#### Exercise instructions
Return only the lines of the data below from the line with "Couple is a lithograph" up to and including the line with "Premium Footmuff /", exactly as written, with the pictures omitted.

*** Opening of Recorded data ***

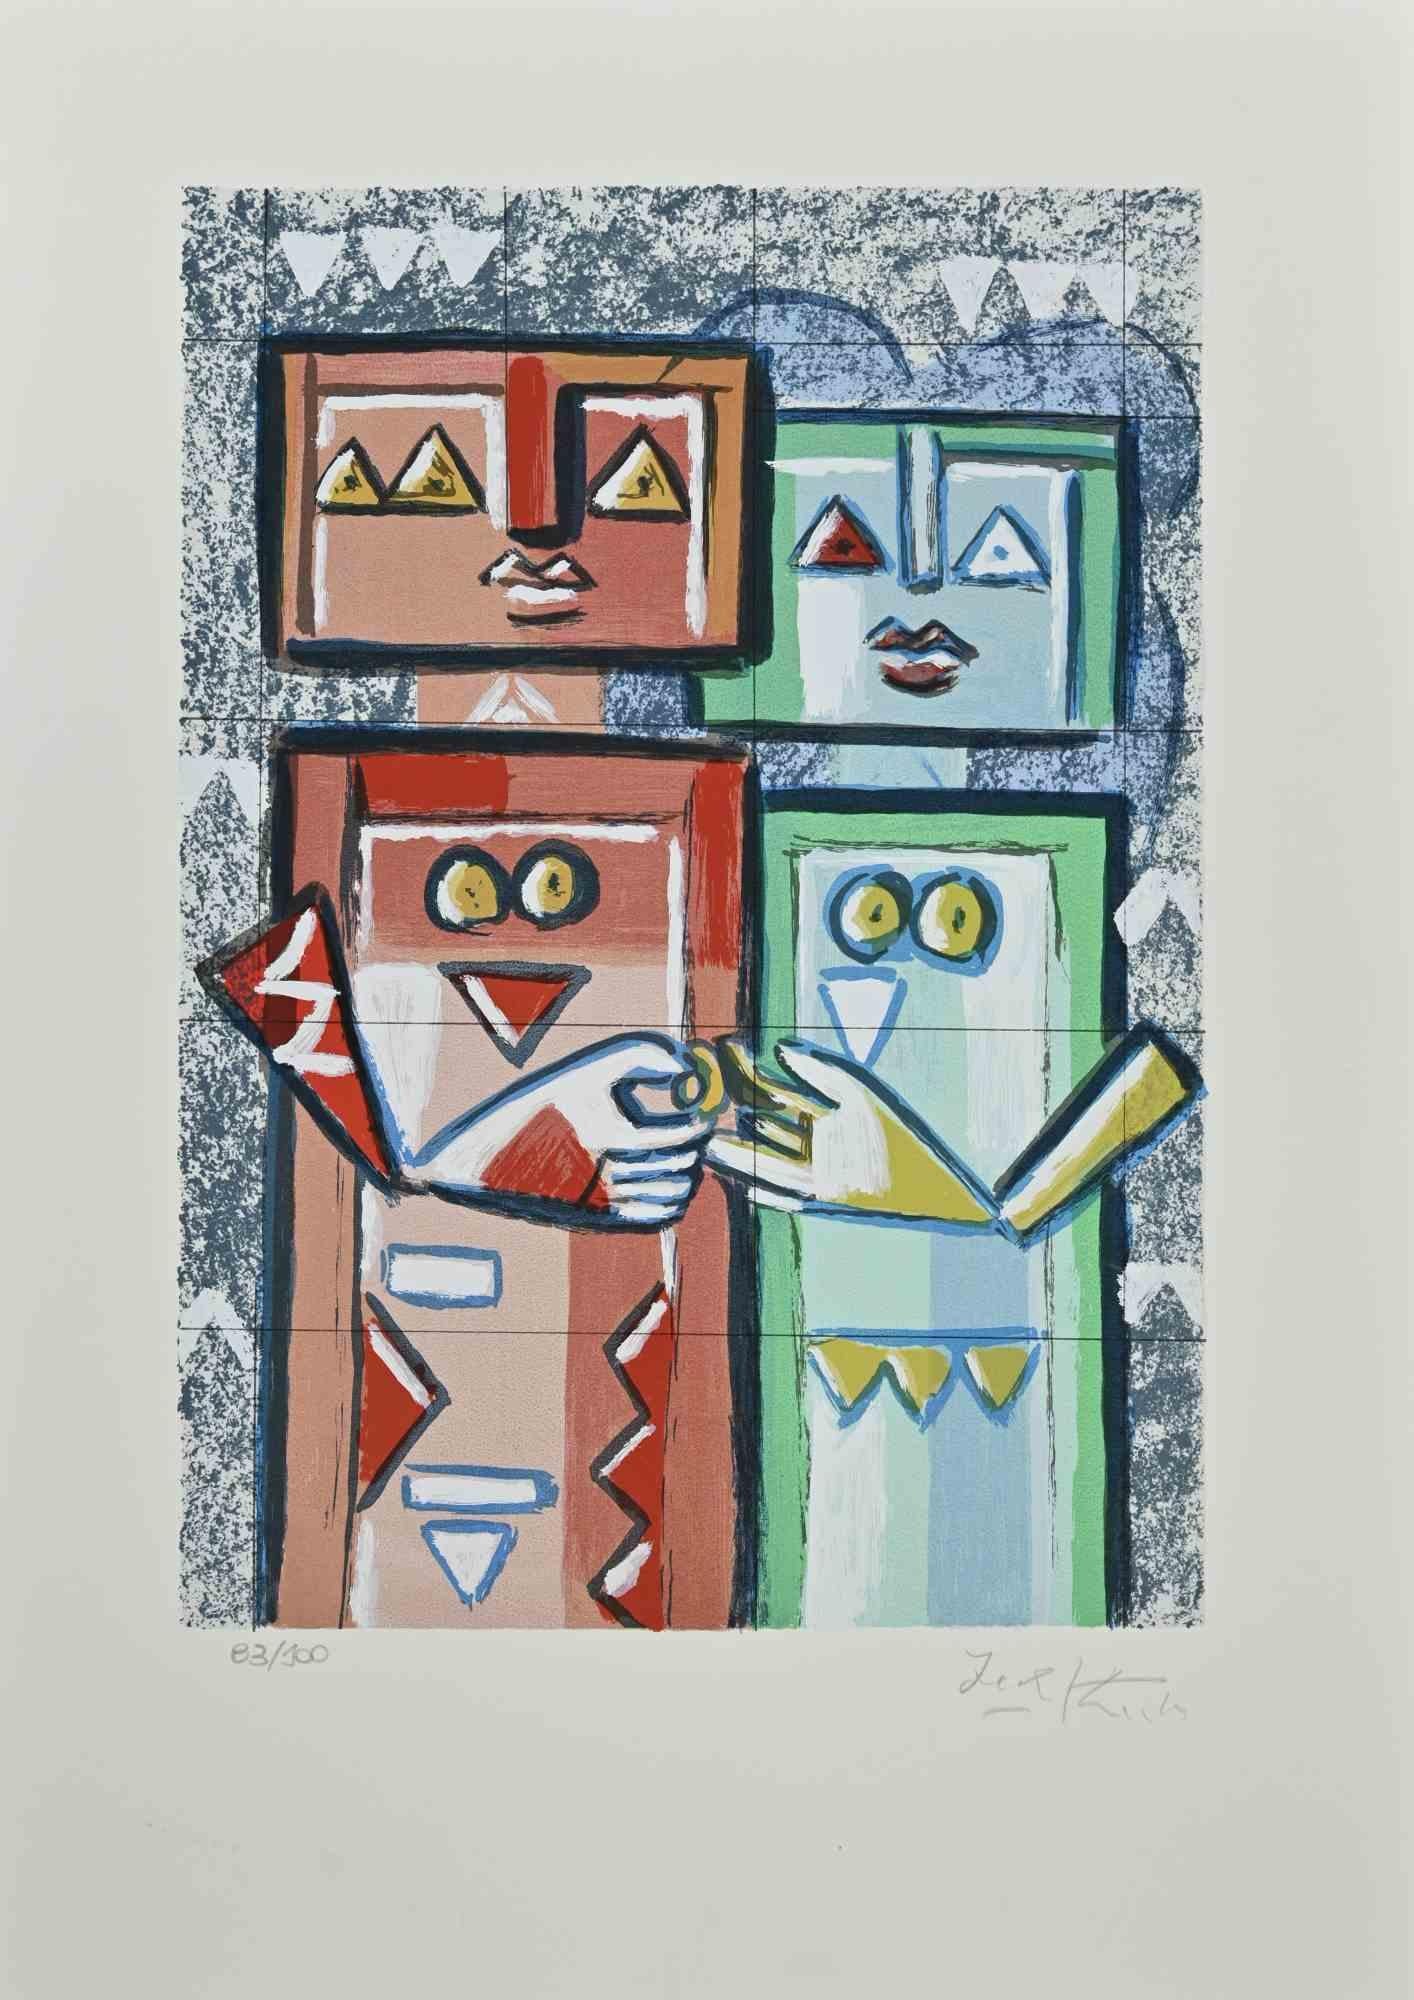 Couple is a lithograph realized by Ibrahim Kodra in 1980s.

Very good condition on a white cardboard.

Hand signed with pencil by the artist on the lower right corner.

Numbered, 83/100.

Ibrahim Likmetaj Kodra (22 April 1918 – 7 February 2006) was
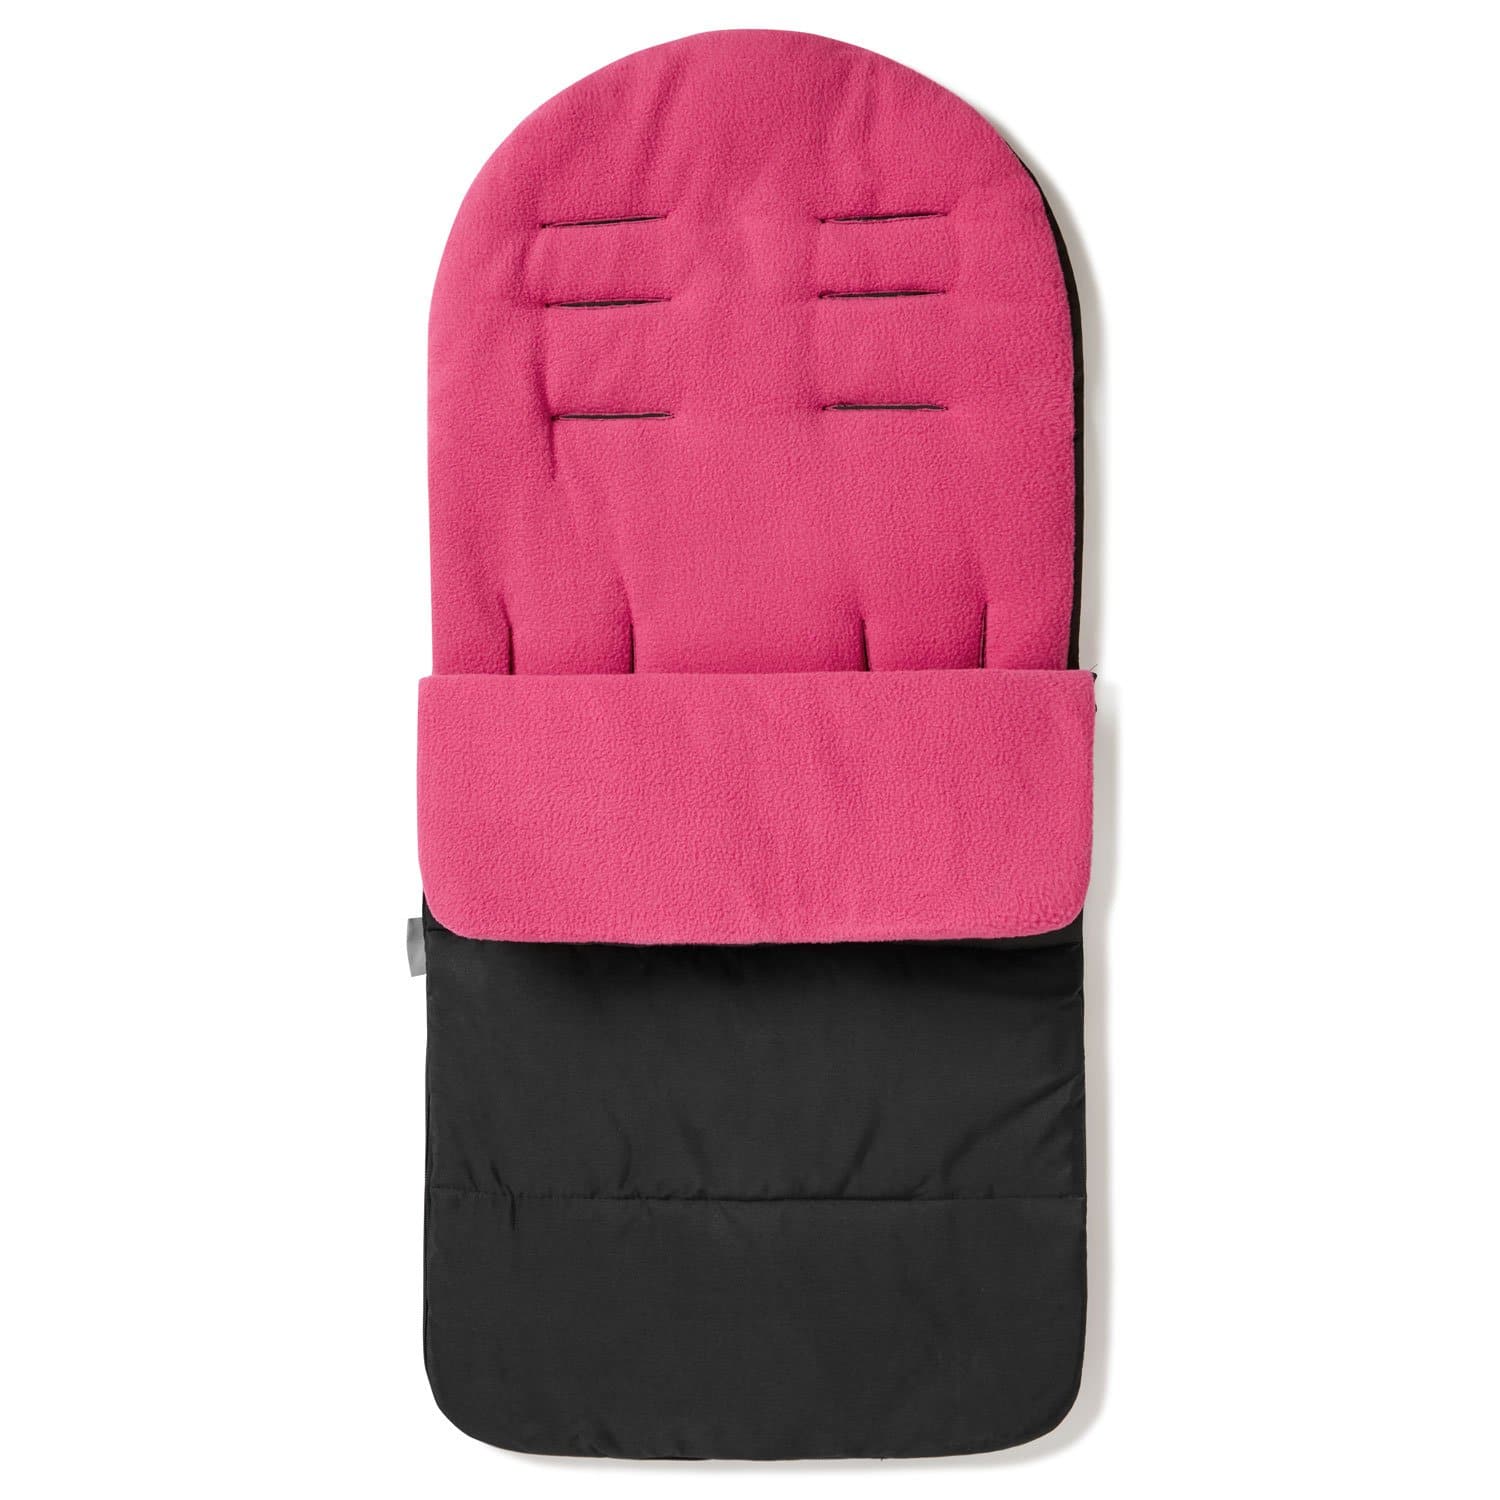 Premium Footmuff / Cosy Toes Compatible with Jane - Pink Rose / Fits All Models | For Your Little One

*** Close of Recorded data ***
*** Opening of Recorded data ***

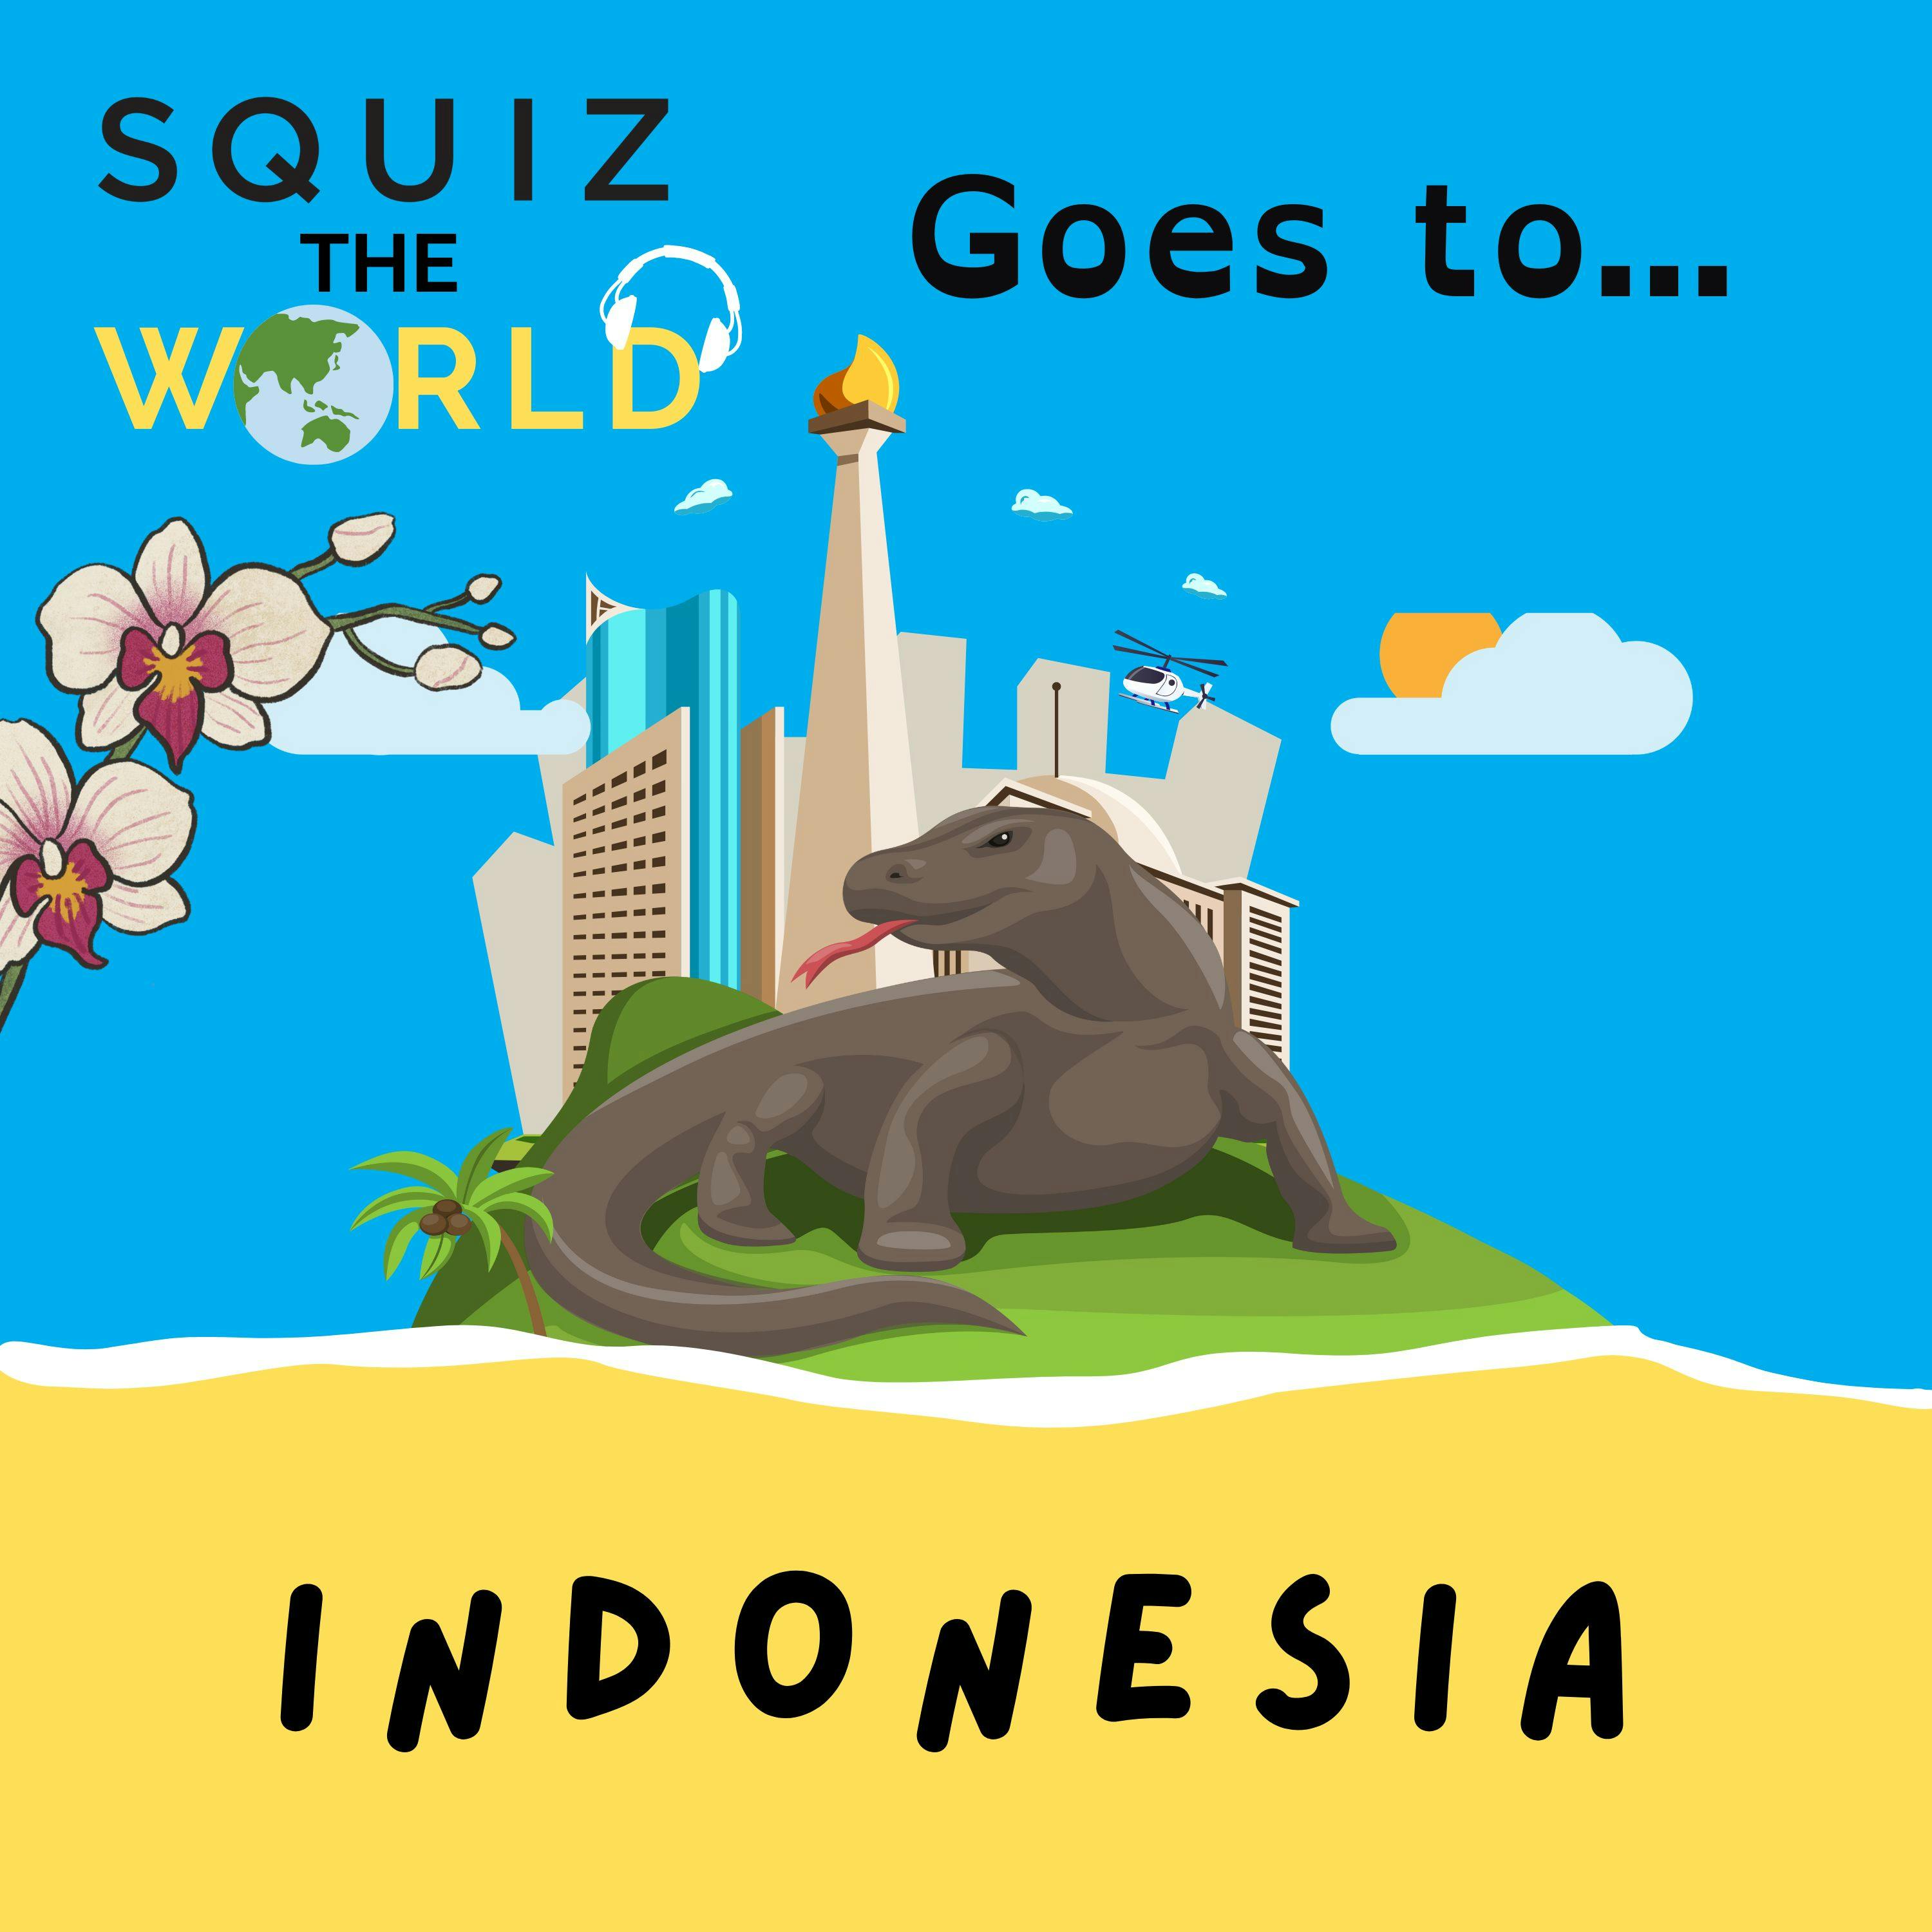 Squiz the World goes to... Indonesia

*** Close of Recorded data ***

#### Answer box
 Couple is a lithograph realized by Ibrahim Kodra in 1980s.

Very good condition on a white cardboard.

Hand signed with pencil by the artist on the lower right corner.

Numbered, 83/100.

Ibrahim Likmetaj Kodra (22 April 1918 – 7 February 2006) was
 Premium Footmuff / Cosy Toes Compatible with Jane - Pink Rose / Fits All Models | For Your Little One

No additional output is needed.